The backlog of some 500 ships still stranded in the Gulf will still likely take weeks to clear, further complicated by a mission to find and remove any Iranian mines in and around the Strait.
French president Emmanuel Macron said that France and Britain were ready to lead a mission in the Strait, with support from the Netherlands and Italy.
A Lebanese security source told state media on Monday afternoon that an Israeli drone strike on a car in south Lebanon had killed the vehicle’s driver in what would mark the first deadly Israeli attack since the announcement of the US-Iran agreement.
Hezbollah welcomed the MOU and claimed it had not carried out any operations since Sunday. But it warned Israel they would not accept any attacks violating Lebanon’s sovereignty or targeting its people.

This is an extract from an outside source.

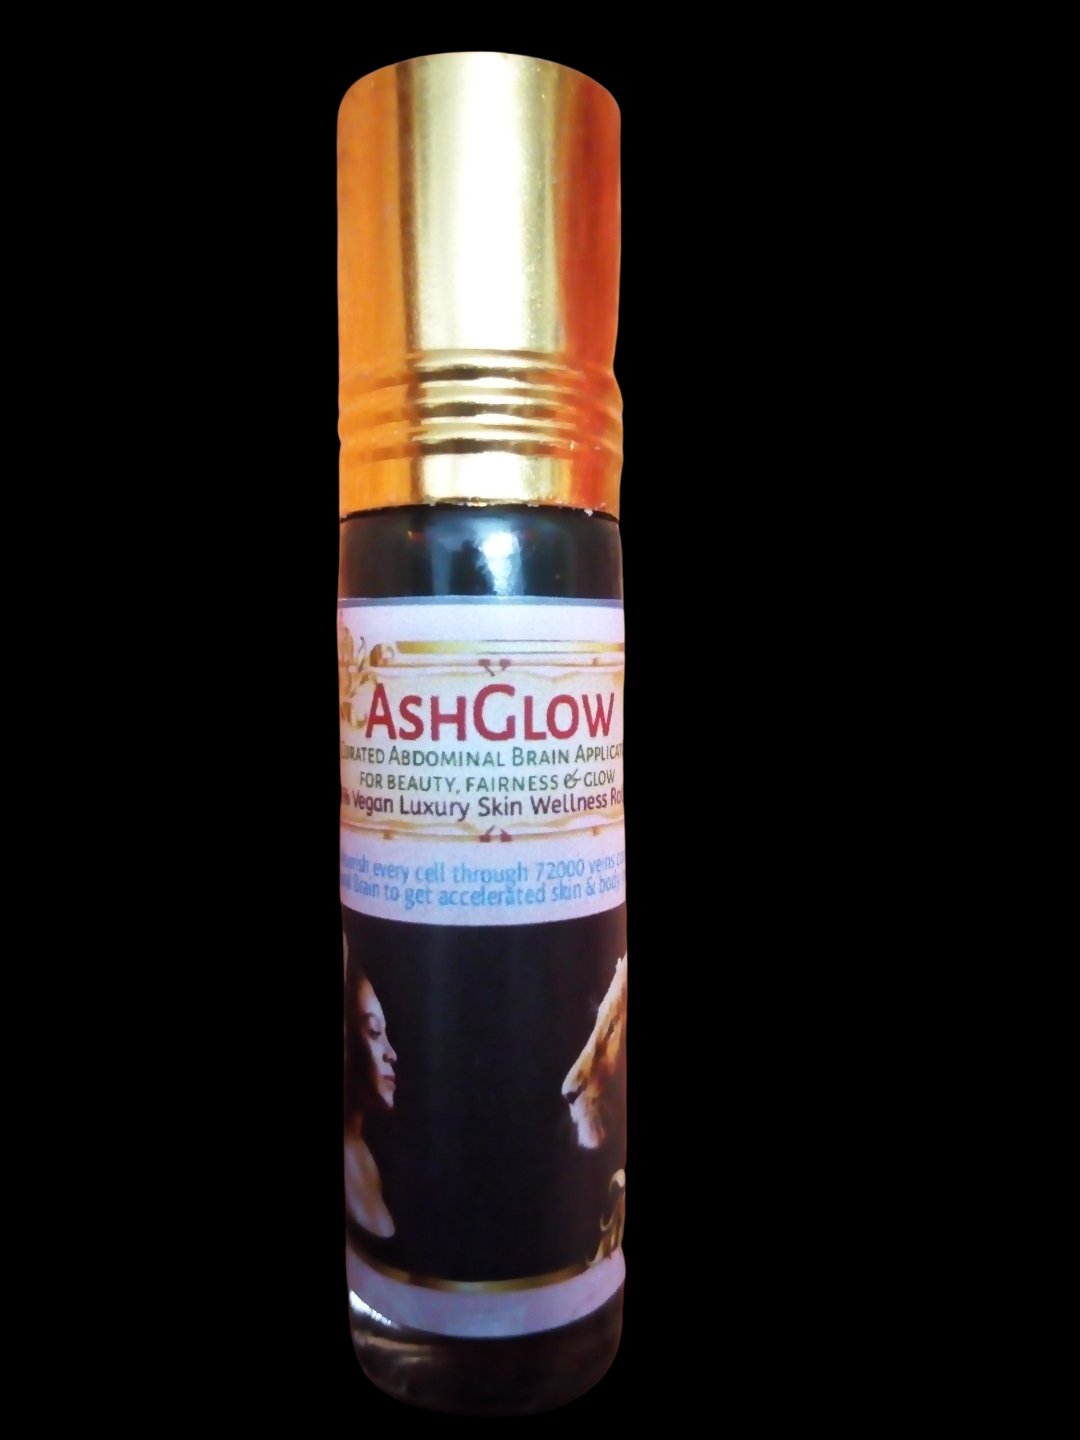 DLS Ashglow:Curated Abdominal Brain Applicator For Beauty Fairness & Glow - 8 ML
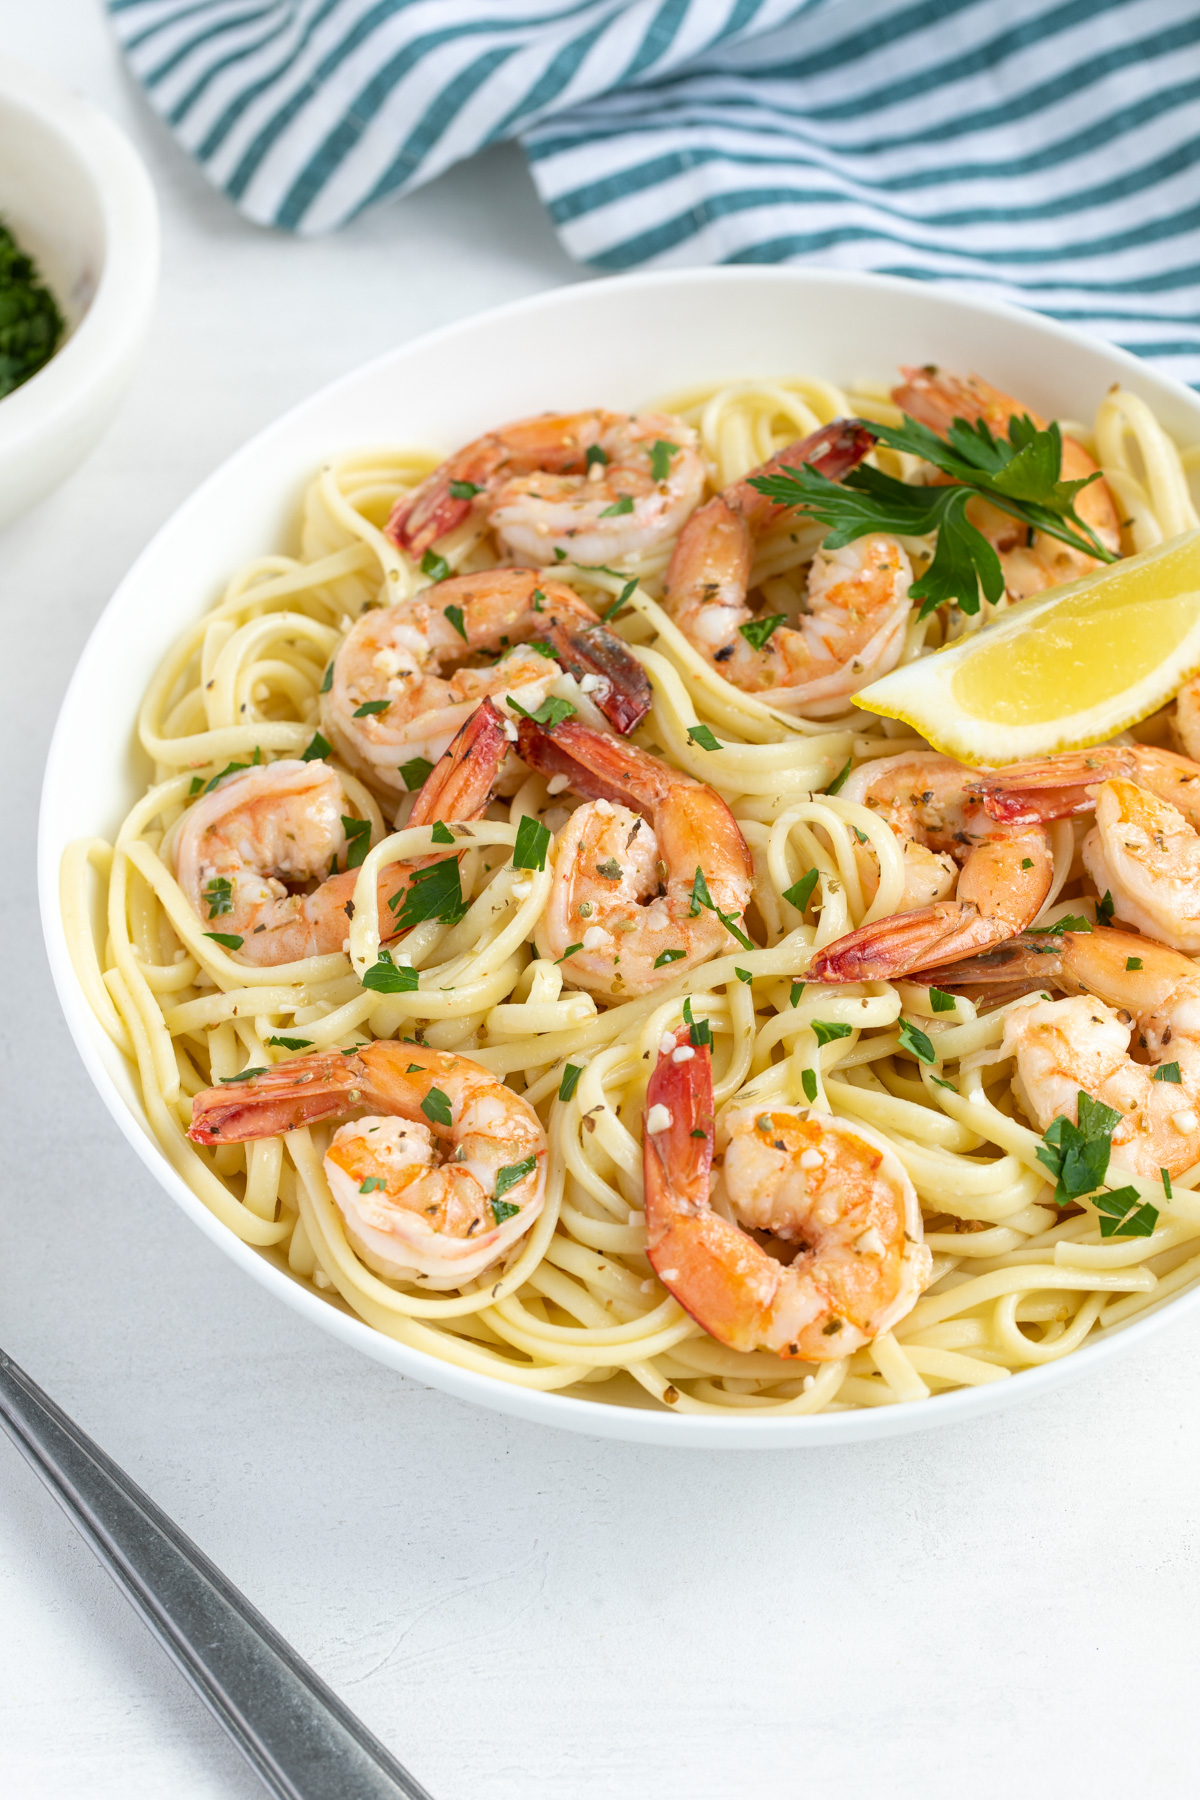 Easy shrimp scampi with pasta in a white bowl garnished with parsley and lemon.

The Swiss foreign ministry told The Independent that they were “currently in close contact with the US, Iran, Pakistan and Qatar to facilitate the signing of this Memorandum of Understanding in Switzerland at the end of the week”.
Once the agreement is signed, thorny issues like Iran’s nuclear programme and sanctions relief will be negotiated over a 60 day period. Those issues had been in focus during talks in February, before the US and Israel attacked Iran.